The survey anticipates a d modest growth in the Agriculture sector’s contribution to the GSDP and also a slight fall in the contributions from the services sector. The contributions from Agriculture and allied sectors is anticipated to fall from the actual 16.05 percent to 16.18 percent. The industry is anticipated to grow its percentage contribution to GSDP from 27.88 to 27.90 and the key services sector will comprise its existing share of 56.07 to 55.92 in the GSDP matrix.

The survey offers very interesting graphs that indicate what is the quantum of money going to various socio-economic sectors, from the overall GSDP and from the overall government expenditure. It is interesting that while energy takes more than 16 percent of the state’s expenditure, the entire social sectors takes only 15 percent!

Per capita income                                        

The per capita income during 2017-18 at constant 2011-12 prices (NSDP) is estimated at Rs.65615 while the per capita income of Rs 61349 was registered in financial year 2016-17.  The per capita income during 2017-18 at current prices is estimated at Rs. 86108 while per capita income during 2016-17 stood at Rs. 77918 at current Prices. The projected per capita income at current and constant 2011-12 prices for the year 2018-19 are roughly estimated at Rs. 94992 and Rs. 69221 respectively.

Key Concerns

It is a section on the key concerns of the state. It lists unemployment as a major concern but the chapter offers details of what the J&K EDI has done. It bears no mention what other departments have done. The other area of concern include poverty and the prices and food management. The statistics about the food management offers a clear idea about what it costs to keep hunger at a stone’s throw in wake of the massive conversion of the paddy fields into orchards over the years.

They lived in abject poverty and weaved magic. An undated British Library photograph

“During the year 2015-16 the import of foodgrains was recorded at 755.85 thousand metric tonnes, which was 0.12% less than the imports of 2014-15. However, due to the implementation of “Mufti Mohammad Mohammad Sayeed Food Entitlement Scheme” w.e.f. from July 2016, the import of foodgrains during the year 2016-17 was recorded at 952.55 thousand metric tonnes, which was 26.02% more than previous year. The import of foodgrains during the year 2017-18 upto October, 2017 has been recorded at 526.74 thousand metric tons,” the survey reveals.

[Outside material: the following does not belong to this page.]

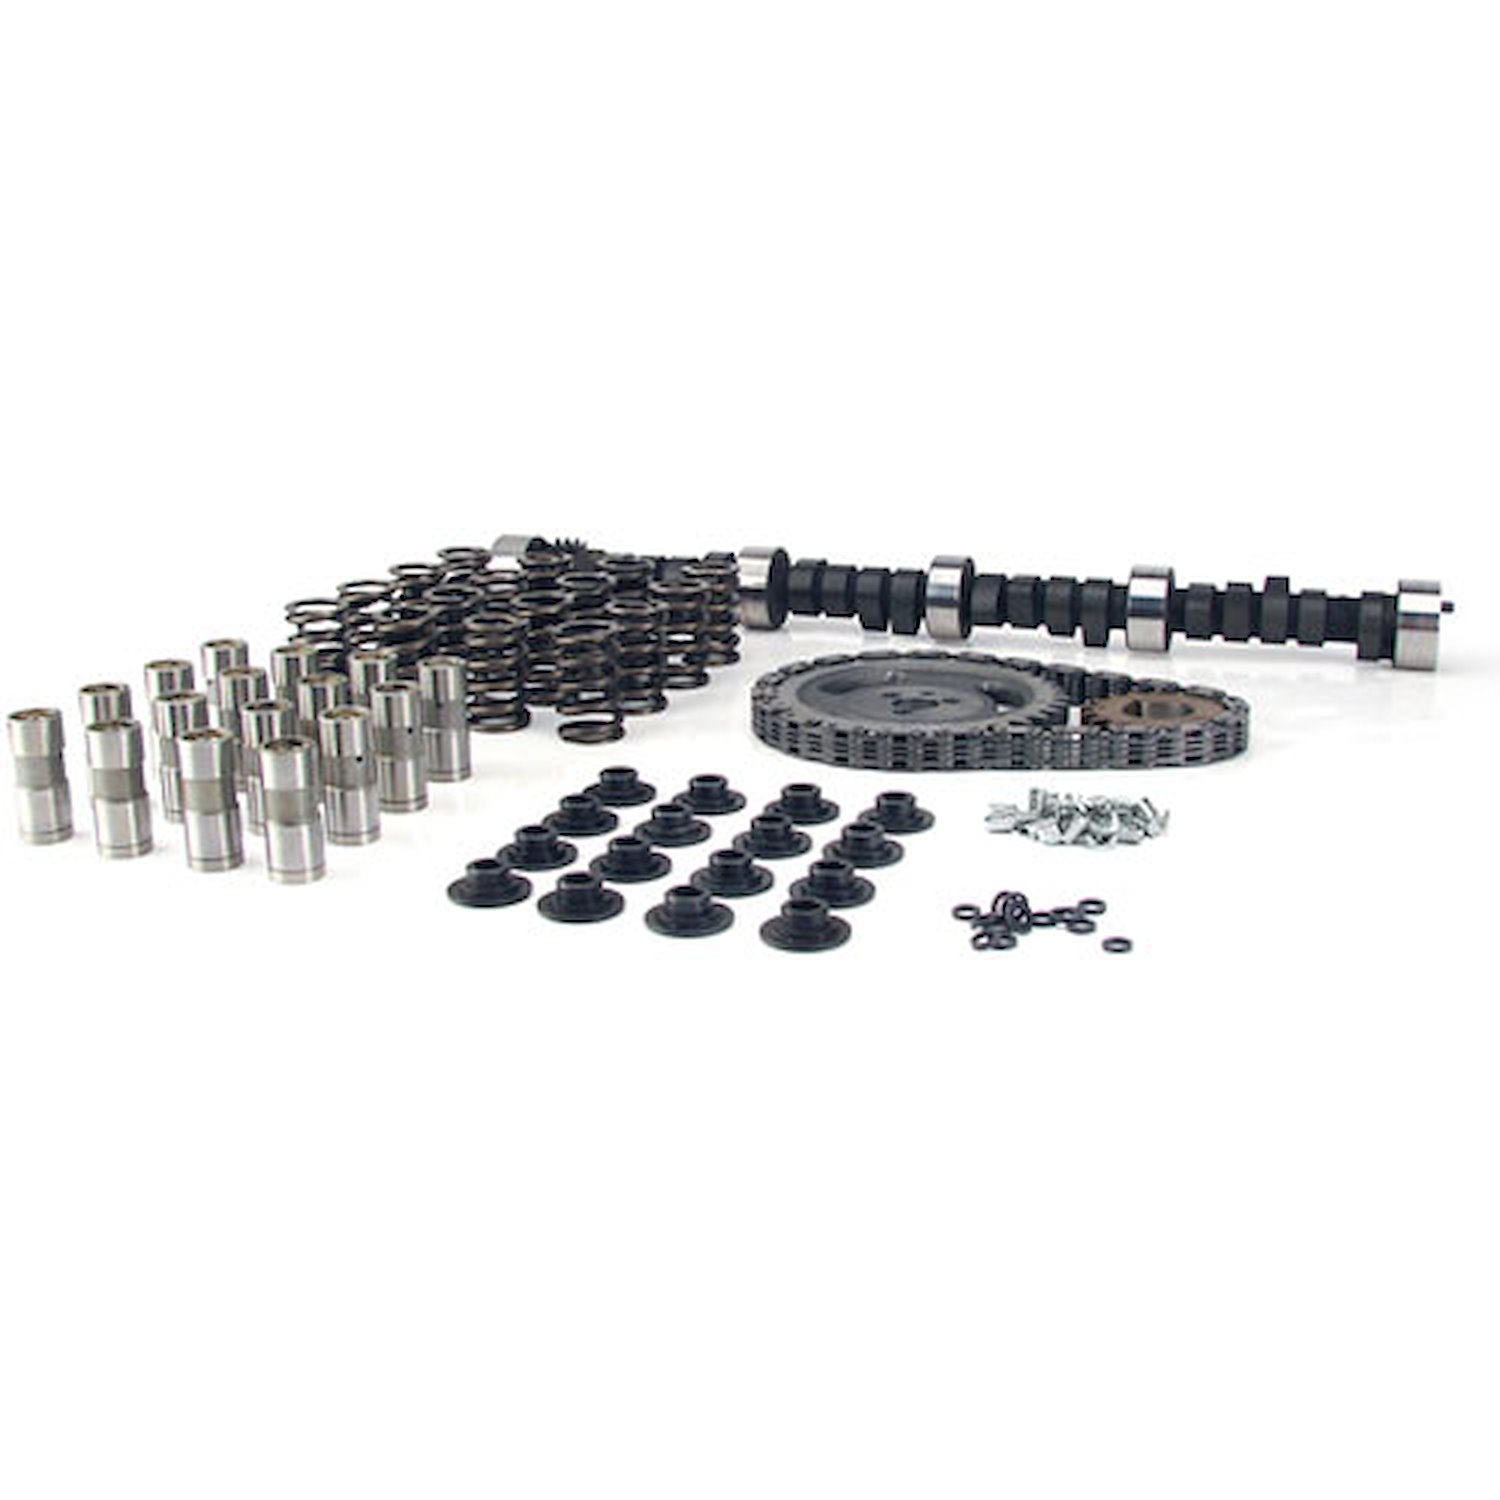 Xtreme Energy 294H Hydraulic Flat Tappet Camshaft Complete Kit Lift: .519"/.523" Duration: 294°/306° RPM Range: 2800-7000

The Survey has identified various areas in which the allocations are not being spent. In horticulture, the actual spending in last two financial years have been Rs 17.15 crore and Rs 35.56 crore against the allocations of Rs 190.73 crore and Rs 124.29 crore, respectively. The government has allocated Rs 184.98 crore in the current fiscal.  Under High Density plantation Rs 1476.00 lakh were allocated and an expenditure of Rs 1332.99 lakh was incurred against 36 hectares of High Density Orchards(31 Ha. Private and 05 Ha. Public Sector).

Interestingly, the Survey said that as many as 7309285 visitors came to the state which included 259170 to Ladakh and 1050480 to Kashmir, excluding Amarnath! These numbers are up to October only which means it will be more.